_What you need to do_
Write out the data below in full, unchanged, minus the images.
[[ Data below, beginning ]]
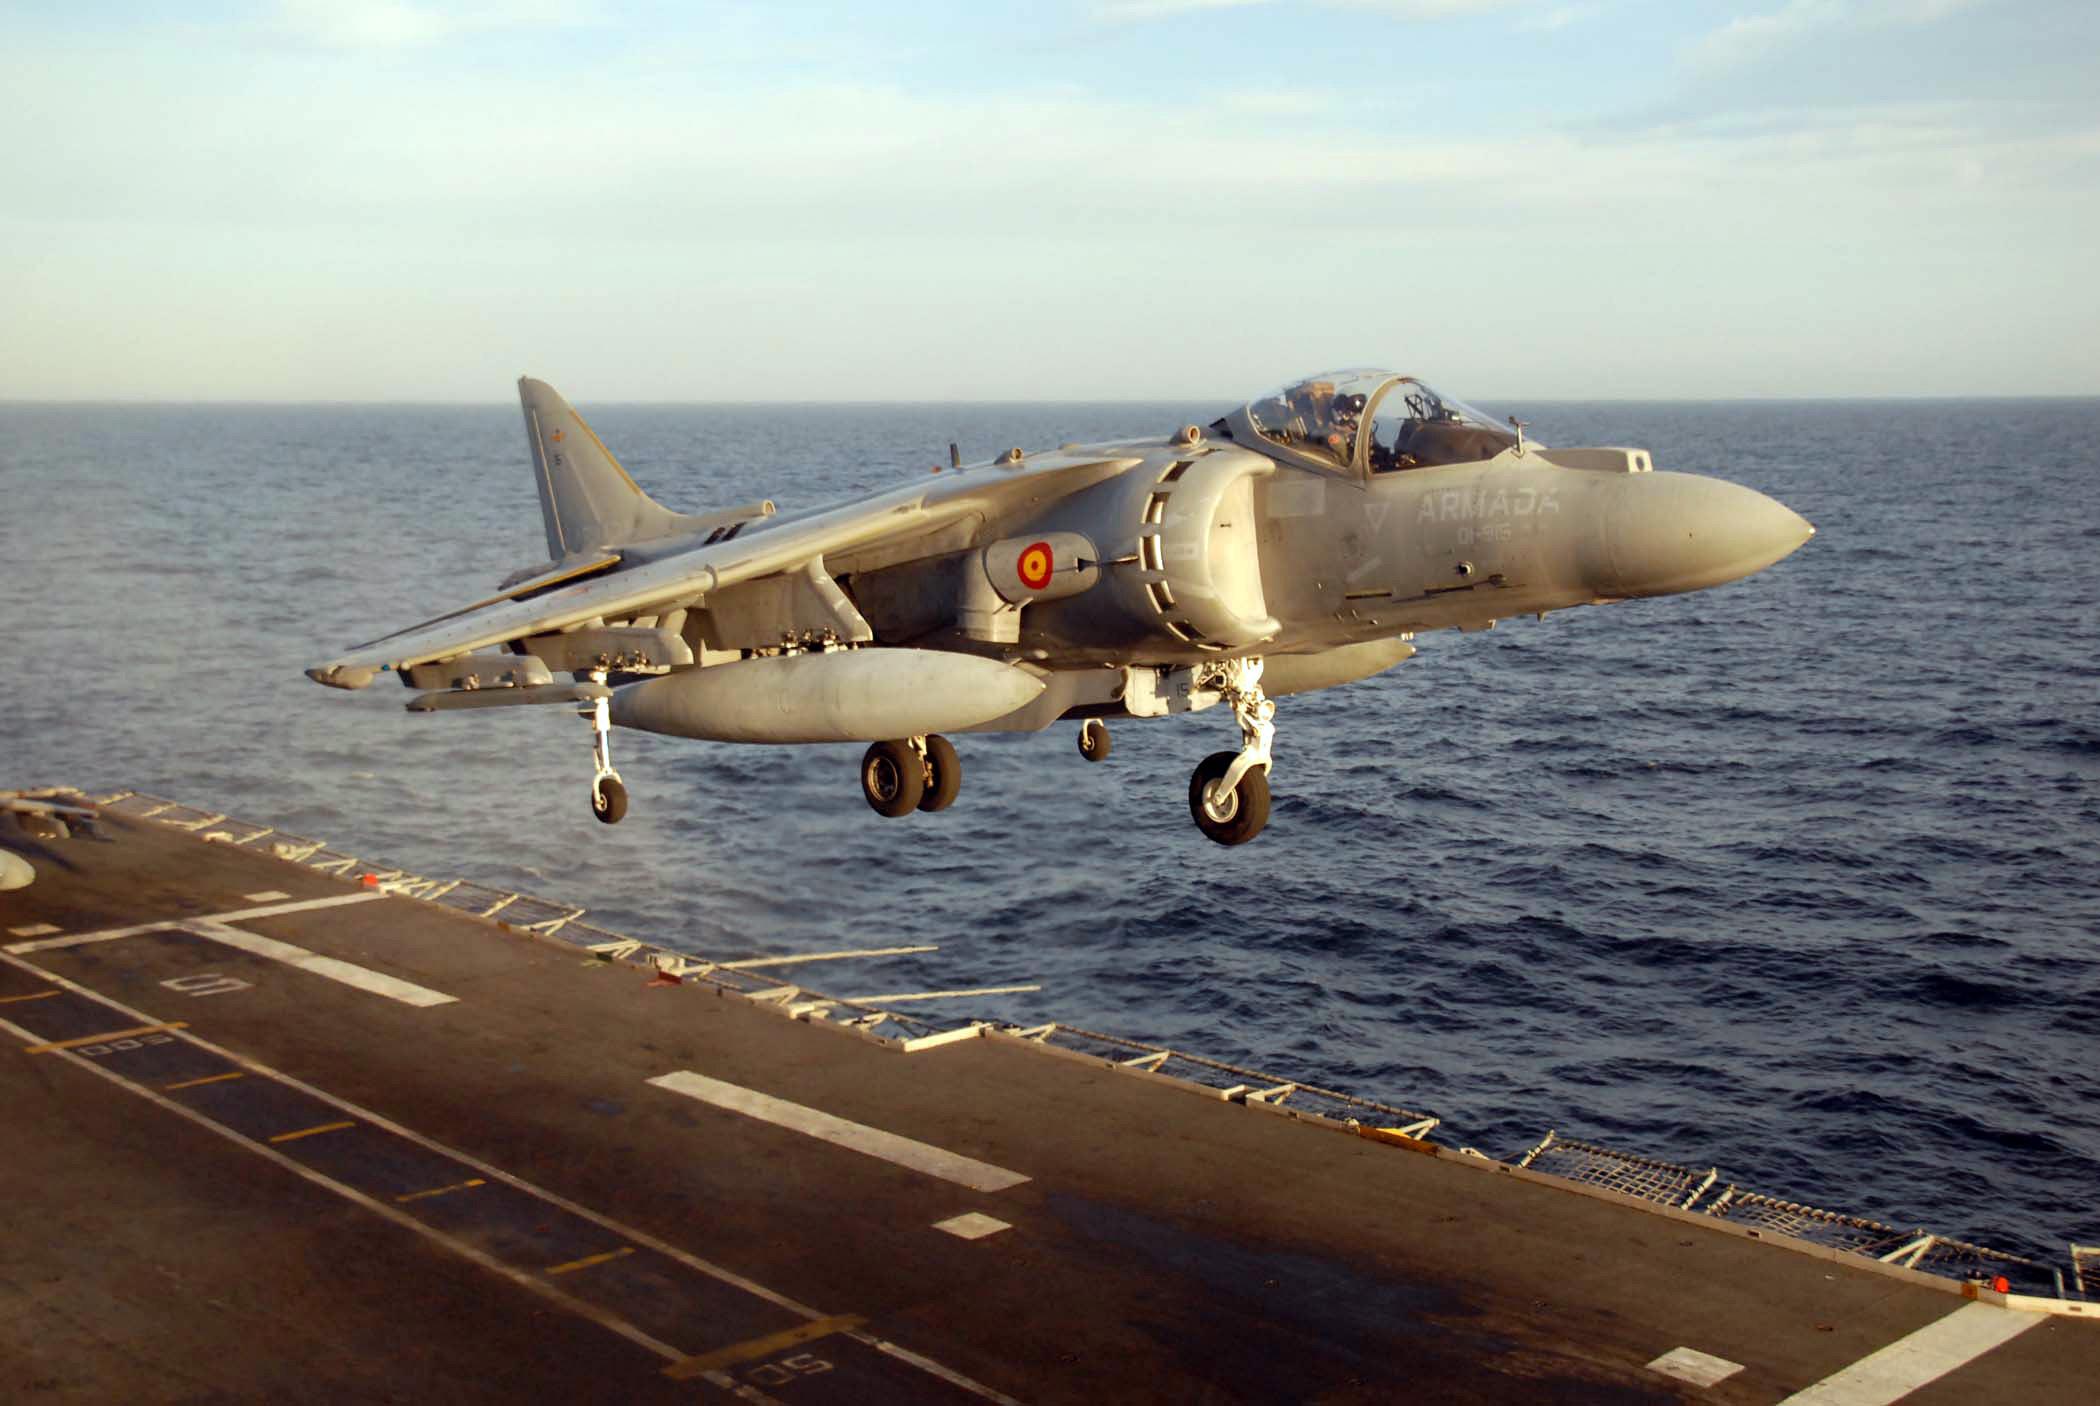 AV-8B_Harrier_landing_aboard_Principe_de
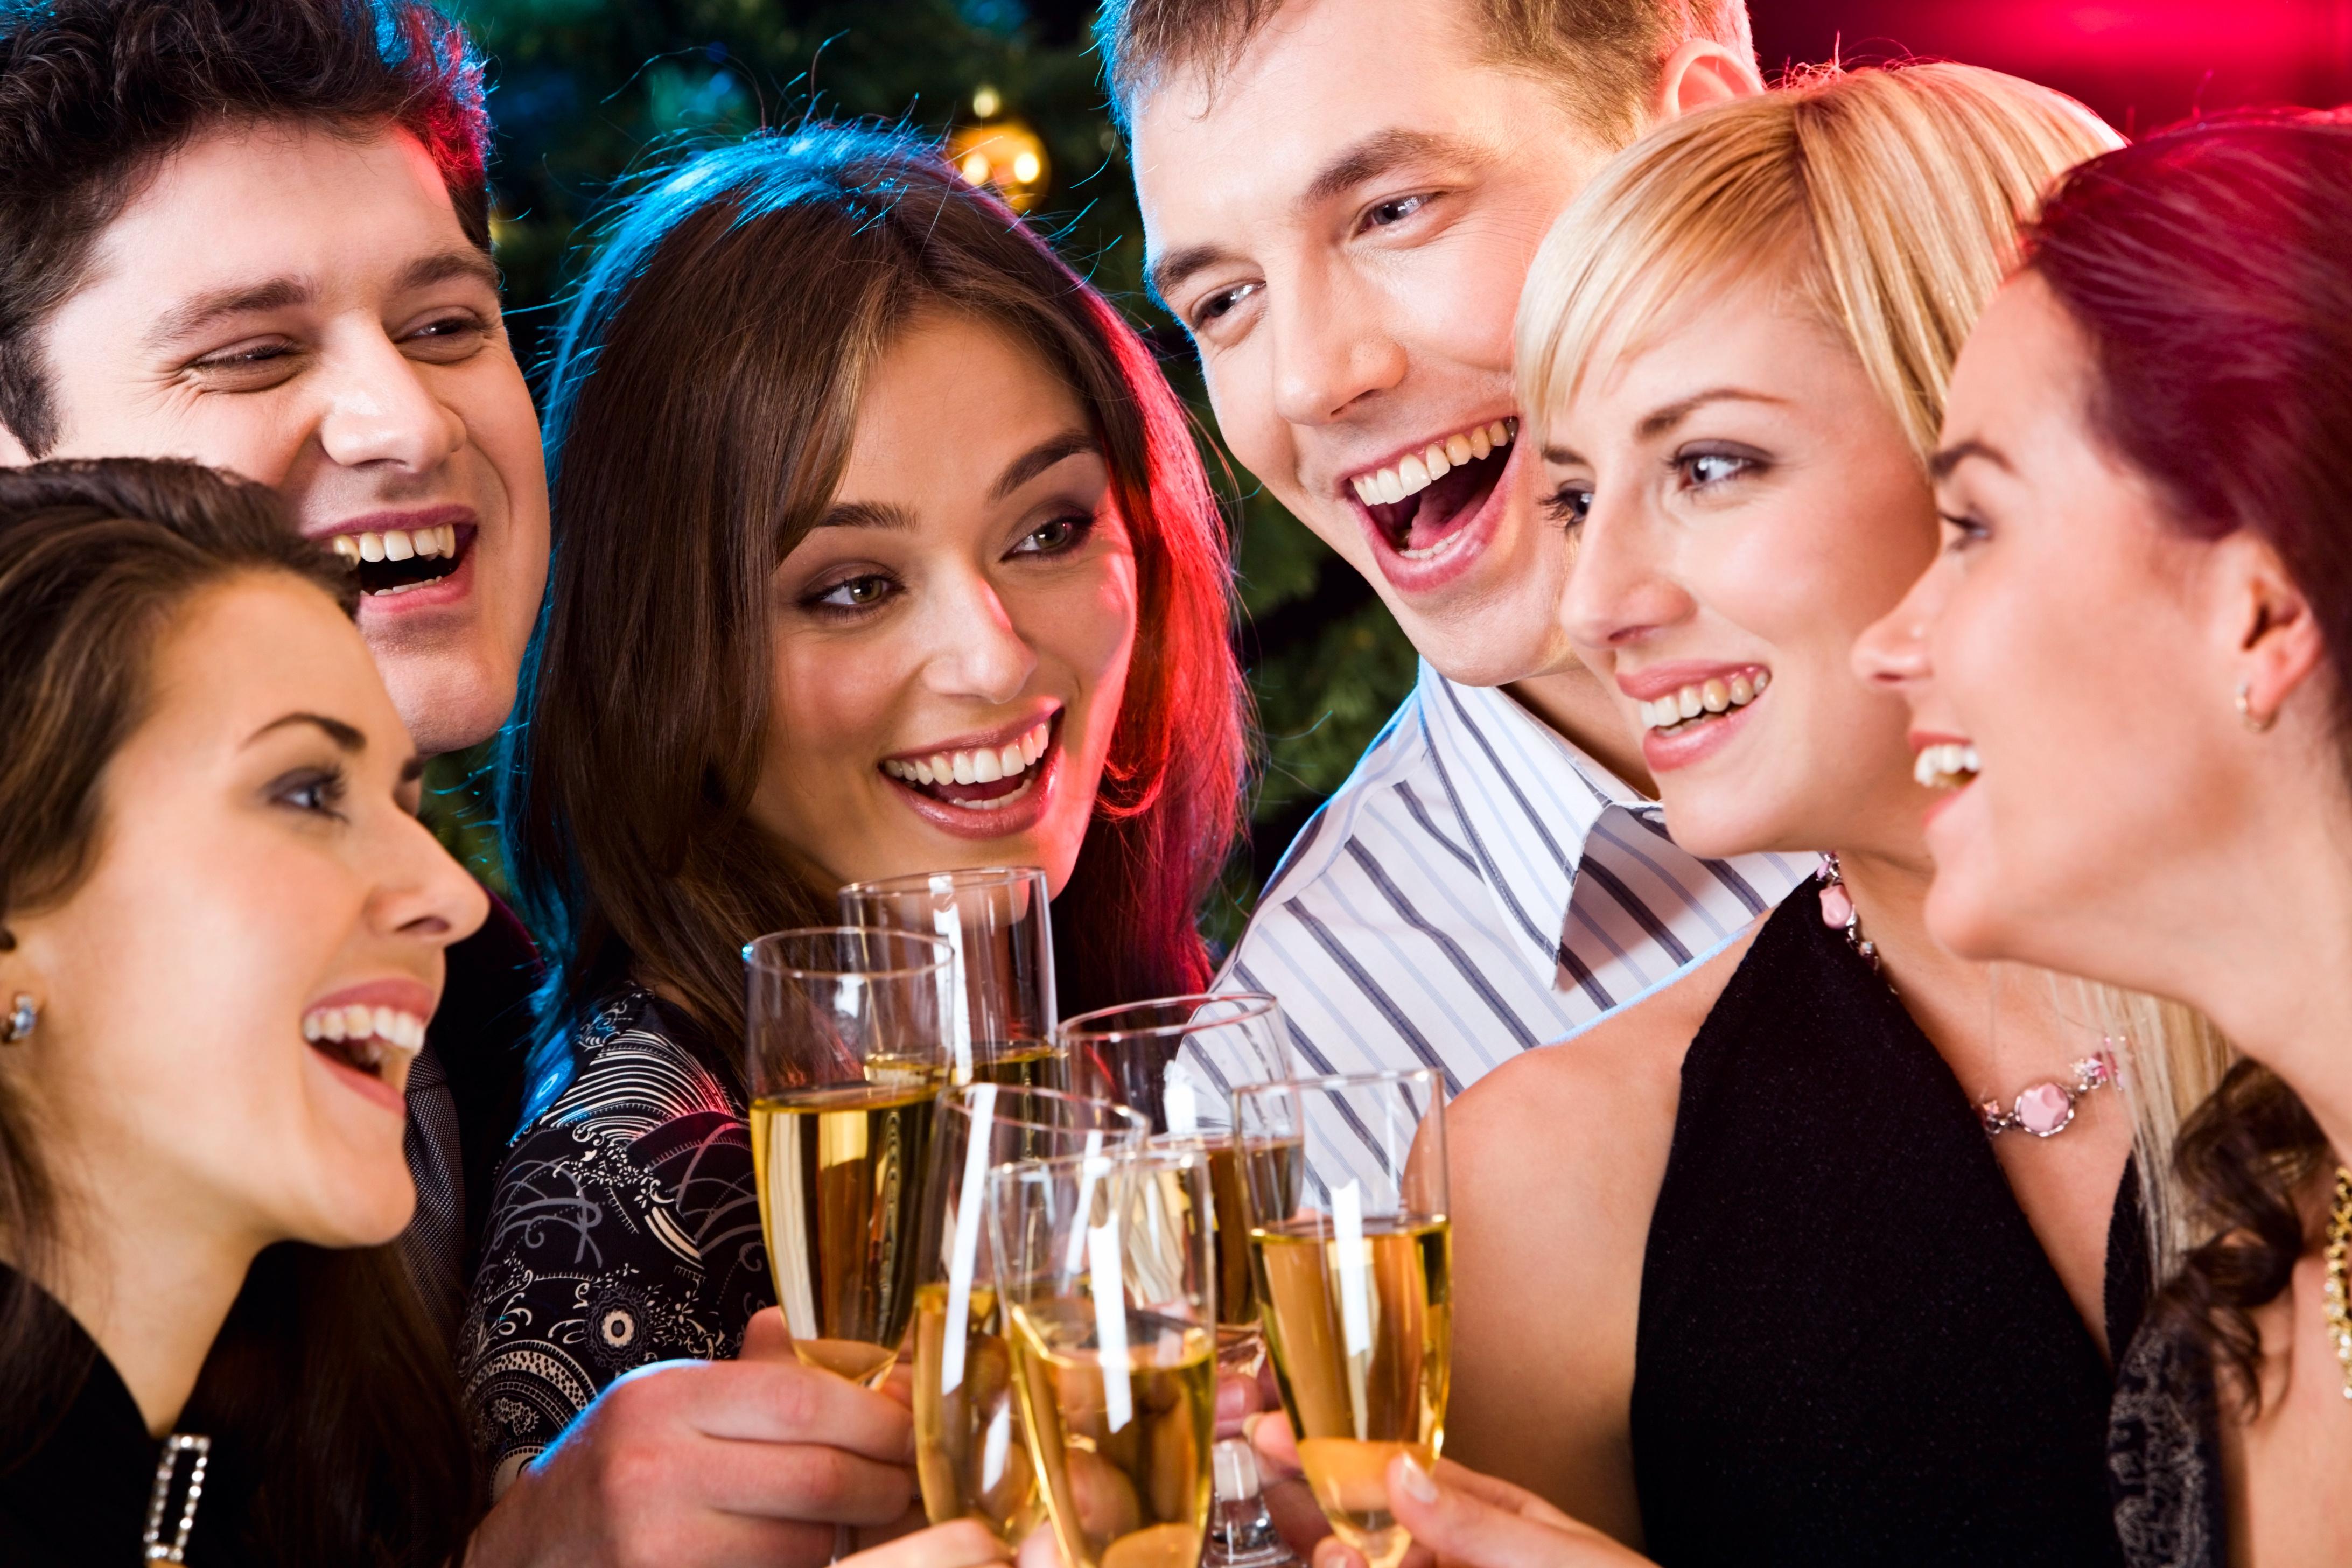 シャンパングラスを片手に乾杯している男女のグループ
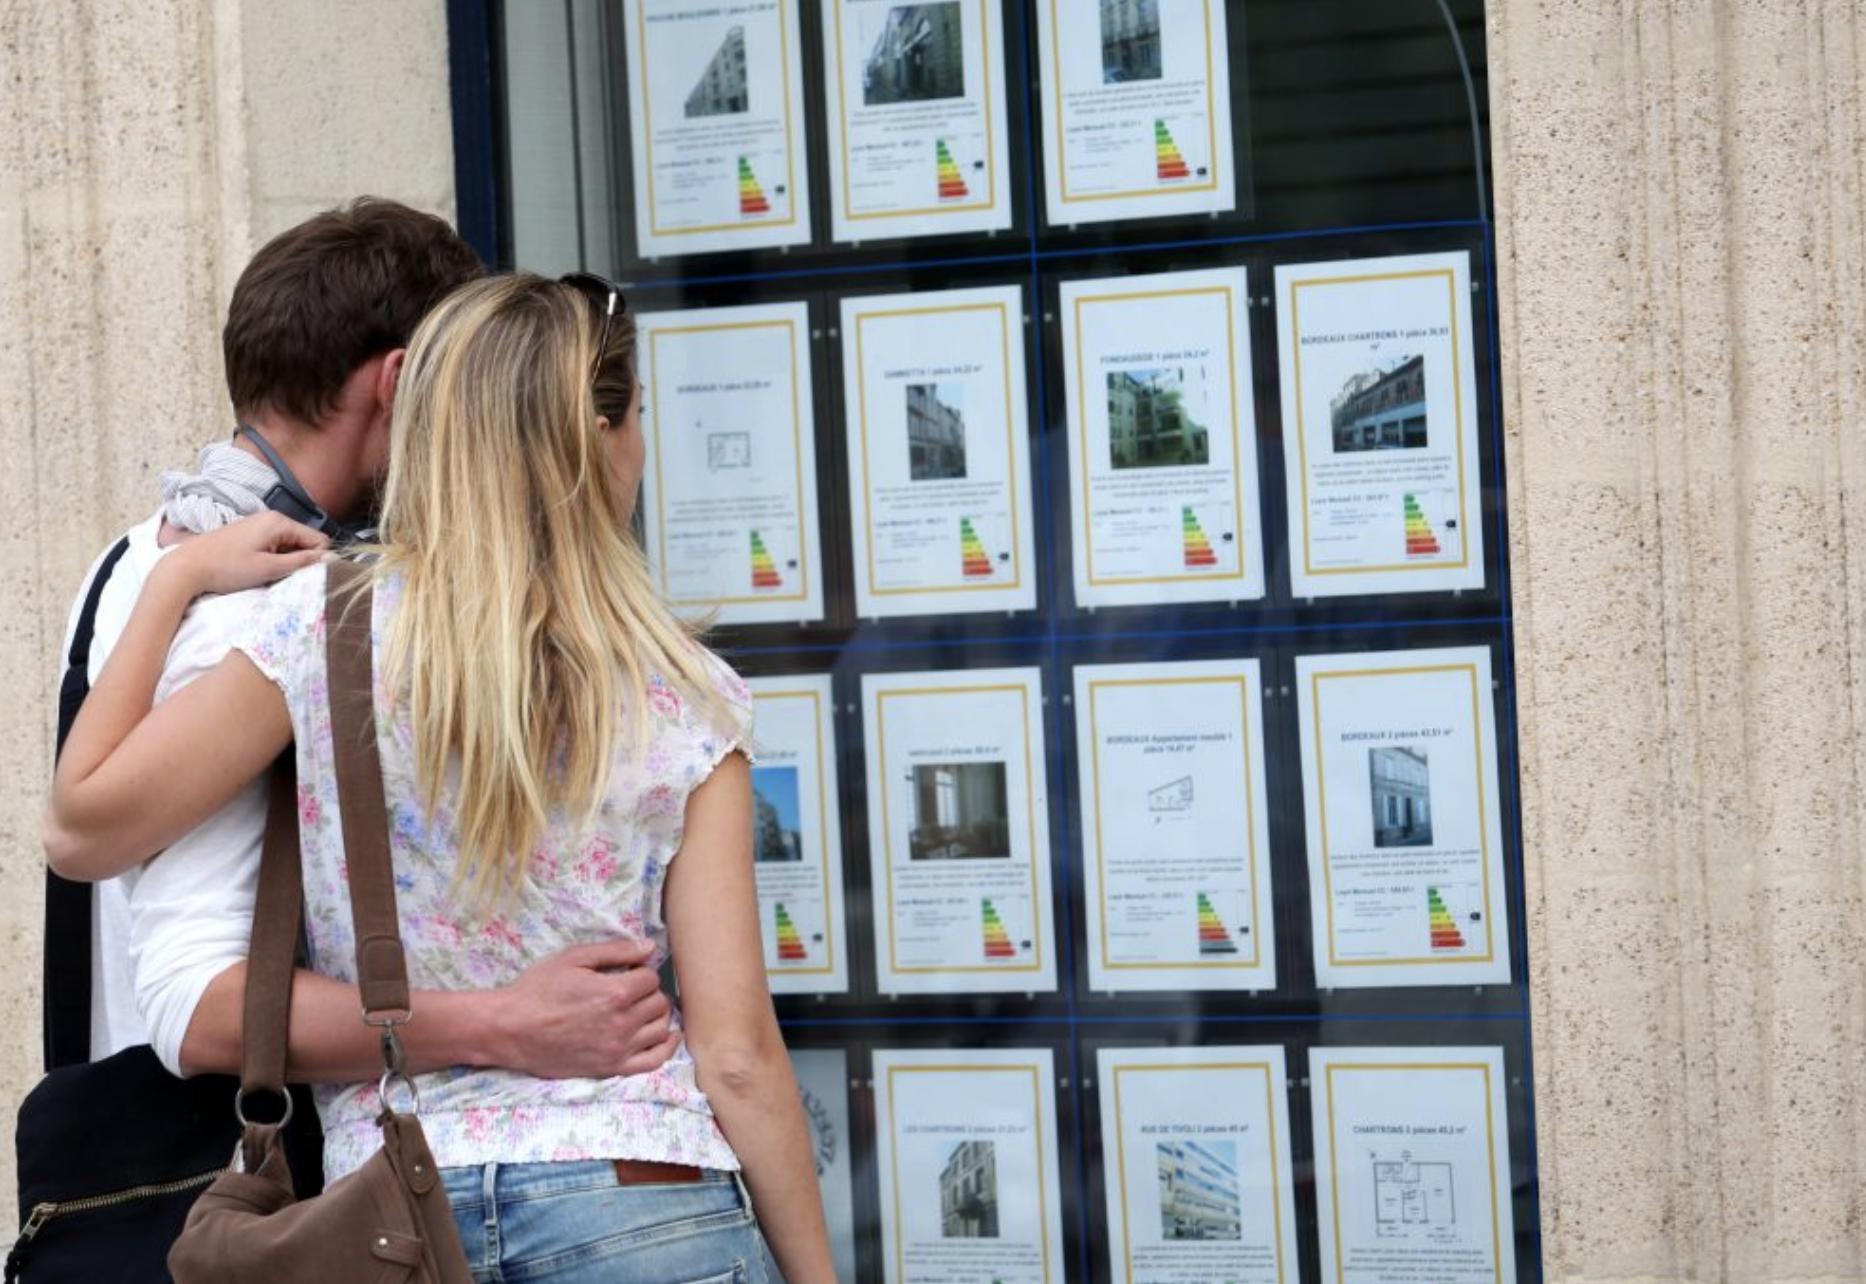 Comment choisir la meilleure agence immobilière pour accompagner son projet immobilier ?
[[ Data below, end ]]
_Worked solution_
 AV-8B_Harrier_landing_aboard_Principe_de
 シャンパングラスを片手に乾杯している男女のグループ
 Comment choisir la meilleure agence immobilière pour accompagner son projet immobilier ?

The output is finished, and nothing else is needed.